* **DIRECTIONS**:
Beneath this task are records; count the lines among them that contain the word "Fest" and answer with the number only.

>>

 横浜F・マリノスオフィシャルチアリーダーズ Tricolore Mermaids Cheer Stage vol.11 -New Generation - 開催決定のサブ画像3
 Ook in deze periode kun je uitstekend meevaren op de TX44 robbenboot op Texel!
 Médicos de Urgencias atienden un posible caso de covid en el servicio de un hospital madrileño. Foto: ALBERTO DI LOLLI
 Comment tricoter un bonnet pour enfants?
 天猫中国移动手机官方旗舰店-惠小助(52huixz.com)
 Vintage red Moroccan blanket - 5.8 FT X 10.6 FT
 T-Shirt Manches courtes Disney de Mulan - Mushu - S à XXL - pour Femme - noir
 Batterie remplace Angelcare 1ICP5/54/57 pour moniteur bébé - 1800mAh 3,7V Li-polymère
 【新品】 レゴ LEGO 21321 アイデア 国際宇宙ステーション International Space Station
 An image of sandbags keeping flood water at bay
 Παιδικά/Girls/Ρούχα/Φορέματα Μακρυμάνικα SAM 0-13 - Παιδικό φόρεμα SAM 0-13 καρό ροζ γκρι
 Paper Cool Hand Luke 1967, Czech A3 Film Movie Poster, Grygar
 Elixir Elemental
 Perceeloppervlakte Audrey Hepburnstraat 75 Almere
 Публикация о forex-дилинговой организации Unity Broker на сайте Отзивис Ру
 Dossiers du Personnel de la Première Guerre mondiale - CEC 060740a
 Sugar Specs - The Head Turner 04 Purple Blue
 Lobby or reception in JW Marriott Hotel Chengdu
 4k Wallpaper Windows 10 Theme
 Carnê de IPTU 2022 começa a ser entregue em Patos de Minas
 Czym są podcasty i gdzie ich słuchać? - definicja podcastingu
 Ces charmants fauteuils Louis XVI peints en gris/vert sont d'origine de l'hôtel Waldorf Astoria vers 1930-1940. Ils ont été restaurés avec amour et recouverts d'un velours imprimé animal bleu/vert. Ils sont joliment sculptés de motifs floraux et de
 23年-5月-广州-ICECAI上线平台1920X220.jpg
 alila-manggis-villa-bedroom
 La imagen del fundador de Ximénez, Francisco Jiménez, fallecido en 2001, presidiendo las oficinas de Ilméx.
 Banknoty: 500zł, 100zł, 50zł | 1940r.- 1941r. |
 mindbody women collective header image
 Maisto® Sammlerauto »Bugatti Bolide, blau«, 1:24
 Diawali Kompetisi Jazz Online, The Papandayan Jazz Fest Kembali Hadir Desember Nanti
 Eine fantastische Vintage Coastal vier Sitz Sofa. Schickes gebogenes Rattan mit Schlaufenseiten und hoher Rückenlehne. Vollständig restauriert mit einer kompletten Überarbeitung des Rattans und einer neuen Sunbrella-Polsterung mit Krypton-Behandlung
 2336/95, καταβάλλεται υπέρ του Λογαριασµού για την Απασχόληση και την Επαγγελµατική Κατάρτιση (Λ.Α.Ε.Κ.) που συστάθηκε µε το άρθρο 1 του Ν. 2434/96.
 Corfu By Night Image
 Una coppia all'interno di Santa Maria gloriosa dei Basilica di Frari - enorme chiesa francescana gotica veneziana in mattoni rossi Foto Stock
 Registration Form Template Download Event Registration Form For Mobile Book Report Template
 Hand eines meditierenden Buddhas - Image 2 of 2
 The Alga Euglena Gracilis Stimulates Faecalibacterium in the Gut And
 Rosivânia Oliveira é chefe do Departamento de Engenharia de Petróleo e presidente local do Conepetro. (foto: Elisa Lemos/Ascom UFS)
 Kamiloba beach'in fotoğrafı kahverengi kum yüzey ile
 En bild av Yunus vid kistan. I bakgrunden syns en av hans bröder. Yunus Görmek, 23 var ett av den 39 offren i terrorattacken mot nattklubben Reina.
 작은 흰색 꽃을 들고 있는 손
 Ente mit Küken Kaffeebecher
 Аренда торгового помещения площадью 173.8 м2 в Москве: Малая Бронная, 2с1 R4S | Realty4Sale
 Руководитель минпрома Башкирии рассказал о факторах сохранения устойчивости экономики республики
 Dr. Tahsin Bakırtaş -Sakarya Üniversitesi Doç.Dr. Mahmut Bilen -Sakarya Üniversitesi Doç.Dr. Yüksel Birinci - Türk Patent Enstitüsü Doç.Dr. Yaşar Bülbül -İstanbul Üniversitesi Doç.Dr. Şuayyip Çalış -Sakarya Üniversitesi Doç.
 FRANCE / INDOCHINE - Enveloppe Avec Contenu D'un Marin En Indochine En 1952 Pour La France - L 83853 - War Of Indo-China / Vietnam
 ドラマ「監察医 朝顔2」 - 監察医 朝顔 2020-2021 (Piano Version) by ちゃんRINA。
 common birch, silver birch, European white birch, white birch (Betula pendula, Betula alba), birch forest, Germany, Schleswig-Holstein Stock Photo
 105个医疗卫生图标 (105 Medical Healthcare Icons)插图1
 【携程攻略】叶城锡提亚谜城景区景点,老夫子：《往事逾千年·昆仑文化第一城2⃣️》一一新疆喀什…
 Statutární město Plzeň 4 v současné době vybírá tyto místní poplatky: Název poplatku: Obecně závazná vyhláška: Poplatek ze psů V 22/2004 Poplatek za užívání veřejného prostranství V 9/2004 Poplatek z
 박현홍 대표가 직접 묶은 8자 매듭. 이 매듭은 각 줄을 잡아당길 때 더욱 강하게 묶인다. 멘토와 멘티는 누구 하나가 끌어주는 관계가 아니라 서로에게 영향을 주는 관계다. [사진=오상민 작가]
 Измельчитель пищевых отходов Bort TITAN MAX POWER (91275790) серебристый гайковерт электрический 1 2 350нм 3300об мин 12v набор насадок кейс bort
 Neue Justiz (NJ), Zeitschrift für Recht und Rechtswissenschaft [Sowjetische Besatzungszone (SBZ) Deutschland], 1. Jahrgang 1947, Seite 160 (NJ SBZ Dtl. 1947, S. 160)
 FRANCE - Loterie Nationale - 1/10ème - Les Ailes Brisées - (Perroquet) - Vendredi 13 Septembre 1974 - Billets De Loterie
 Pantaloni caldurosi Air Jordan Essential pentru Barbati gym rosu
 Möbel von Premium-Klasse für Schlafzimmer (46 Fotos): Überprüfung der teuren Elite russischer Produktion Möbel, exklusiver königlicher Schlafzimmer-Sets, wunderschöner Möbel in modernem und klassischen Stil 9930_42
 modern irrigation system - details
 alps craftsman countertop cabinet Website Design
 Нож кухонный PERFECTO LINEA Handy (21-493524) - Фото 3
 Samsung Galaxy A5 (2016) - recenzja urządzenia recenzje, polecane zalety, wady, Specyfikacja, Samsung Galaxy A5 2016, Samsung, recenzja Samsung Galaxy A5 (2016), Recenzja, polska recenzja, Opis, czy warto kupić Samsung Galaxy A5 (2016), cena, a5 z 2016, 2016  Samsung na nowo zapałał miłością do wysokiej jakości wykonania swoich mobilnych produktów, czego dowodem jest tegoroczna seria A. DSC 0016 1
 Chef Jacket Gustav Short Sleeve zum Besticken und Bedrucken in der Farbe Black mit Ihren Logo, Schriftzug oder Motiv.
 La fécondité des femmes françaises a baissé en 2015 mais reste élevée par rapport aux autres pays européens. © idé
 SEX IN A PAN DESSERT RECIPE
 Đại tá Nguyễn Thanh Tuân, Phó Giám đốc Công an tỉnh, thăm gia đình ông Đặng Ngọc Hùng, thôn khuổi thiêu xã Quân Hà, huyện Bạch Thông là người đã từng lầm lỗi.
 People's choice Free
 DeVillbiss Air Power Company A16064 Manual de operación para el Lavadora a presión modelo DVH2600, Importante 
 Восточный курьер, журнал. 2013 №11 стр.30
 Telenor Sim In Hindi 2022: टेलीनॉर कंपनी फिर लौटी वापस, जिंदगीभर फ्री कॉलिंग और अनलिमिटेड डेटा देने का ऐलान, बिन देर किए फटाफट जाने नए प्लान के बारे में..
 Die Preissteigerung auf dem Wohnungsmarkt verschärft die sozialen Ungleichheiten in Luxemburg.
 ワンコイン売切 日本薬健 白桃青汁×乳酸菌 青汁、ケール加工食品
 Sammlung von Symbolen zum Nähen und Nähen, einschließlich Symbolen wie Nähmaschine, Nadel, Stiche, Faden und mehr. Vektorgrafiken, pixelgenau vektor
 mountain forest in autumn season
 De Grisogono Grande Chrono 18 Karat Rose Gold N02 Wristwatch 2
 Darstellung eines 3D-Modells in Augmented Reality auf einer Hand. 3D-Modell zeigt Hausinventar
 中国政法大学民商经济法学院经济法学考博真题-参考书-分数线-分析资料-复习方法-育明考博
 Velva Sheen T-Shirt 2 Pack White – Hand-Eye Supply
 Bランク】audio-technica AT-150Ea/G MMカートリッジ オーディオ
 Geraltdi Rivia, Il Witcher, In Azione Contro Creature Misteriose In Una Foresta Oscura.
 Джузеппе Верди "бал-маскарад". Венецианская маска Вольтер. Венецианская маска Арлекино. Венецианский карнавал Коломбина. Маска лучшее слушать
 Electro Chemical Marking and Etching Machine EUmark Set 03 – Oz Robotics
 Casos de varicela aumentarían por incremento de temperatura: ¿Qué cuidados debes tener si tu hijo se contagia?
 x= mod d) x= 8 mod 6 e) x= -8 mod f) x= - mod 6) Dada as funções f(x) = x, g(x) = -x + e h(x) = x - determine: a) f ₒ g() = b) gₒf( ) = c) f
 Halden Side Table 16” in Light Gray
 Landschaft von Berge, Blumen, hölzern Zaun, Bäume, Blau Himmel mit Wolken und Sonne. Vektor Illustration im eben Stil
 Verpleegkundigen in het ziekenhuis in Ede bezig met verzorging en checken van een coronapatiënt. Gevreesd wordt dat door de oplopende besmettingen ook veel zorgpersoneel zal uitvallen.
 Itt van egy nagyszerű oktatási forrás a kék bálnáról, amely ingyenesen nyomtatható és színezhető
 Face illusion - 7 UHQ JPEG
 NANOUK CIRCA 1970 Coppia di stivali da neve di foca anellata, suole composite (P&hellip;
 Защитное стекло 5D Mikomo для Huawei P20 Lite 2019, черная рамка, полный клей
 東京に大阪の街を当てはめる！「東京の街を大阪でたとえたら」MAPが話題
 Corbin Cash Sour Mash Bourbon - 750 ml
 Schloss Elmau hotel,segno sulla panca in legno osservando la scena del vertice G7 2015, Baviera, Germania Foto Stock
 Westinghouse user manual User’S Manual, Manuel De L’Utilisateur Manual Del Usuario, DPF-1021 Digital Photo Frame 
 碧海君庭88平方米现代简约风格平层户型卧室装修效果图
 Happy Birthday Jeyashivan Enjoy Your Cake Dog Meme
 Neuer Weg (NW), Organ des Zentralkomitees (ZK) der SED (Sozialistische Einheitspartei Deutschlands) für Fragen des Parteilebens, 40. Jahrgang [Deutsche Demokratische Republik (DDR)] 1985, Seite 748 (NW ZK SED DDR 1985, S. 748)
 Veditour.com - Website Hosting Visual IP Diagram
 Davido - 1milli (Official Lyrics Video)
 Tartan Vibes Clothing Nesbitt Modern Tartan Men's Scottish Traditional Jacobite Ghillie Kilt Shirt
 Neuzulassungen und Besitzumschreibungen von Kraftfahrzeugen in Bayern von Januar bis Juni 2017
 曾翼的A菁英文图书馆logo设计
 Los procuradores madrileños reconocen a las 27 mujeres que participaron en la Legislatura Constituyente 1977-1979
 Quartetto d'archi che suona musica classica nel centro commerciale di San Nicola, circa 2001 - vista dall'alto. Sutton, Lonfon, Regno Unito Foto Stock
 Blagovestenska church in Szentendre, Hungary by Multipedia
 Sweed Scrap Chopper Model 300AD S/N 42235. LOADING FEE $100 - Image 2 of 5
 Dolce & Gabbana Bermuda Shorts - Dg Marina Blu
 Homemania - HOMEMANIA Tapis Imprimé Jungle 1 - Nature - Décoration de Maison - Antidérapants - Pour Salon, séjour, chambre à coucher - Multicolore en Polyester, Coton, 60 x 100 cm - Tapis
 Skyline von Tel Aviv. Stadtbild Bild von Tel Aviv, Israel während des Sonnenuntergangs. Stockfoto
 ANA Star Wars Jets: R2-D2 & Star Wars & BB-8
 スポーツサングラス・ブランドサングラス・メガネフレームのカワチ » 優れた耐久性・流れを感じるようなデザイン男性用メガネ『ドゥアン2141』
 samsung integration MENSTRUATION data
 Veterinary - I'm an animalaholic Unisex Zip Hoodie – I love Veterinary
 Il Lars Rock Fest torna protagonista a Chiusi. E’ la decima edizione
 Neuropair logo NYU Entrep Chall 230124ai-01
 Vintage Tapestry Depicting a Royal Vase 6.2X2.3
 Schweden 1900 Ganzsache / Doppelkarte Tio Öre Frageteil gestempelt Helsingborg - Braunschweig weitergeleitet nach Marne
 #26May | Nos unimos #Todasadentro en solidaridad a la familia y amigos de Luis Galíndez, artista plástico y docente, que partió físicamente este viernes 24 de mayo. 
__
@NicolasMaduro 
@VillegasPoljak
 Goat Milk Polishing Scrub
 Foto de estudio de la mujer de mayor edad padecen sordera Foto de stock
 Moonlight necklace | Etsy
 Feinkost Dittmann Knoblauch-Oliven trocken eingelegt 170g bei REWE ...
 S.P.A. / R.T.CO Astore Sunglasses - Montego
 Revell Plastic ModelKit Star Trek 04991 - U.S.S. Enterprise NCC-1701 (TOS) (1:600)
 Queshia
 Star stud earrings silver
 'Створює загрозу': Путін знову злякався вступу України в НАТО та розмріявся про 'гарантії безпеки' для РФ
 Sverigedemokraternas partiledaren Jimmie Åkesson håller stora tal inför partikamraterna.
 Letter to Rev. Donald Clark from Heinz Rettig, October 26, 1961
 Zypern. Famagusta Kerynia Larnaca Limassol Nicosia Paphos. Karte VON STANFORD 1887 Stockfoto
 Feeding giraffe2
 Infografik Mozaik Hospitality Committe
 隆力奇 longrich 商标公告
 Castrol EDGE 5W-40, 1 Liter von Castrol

<<

* **ANSWER TO THE EXERCISE**:
2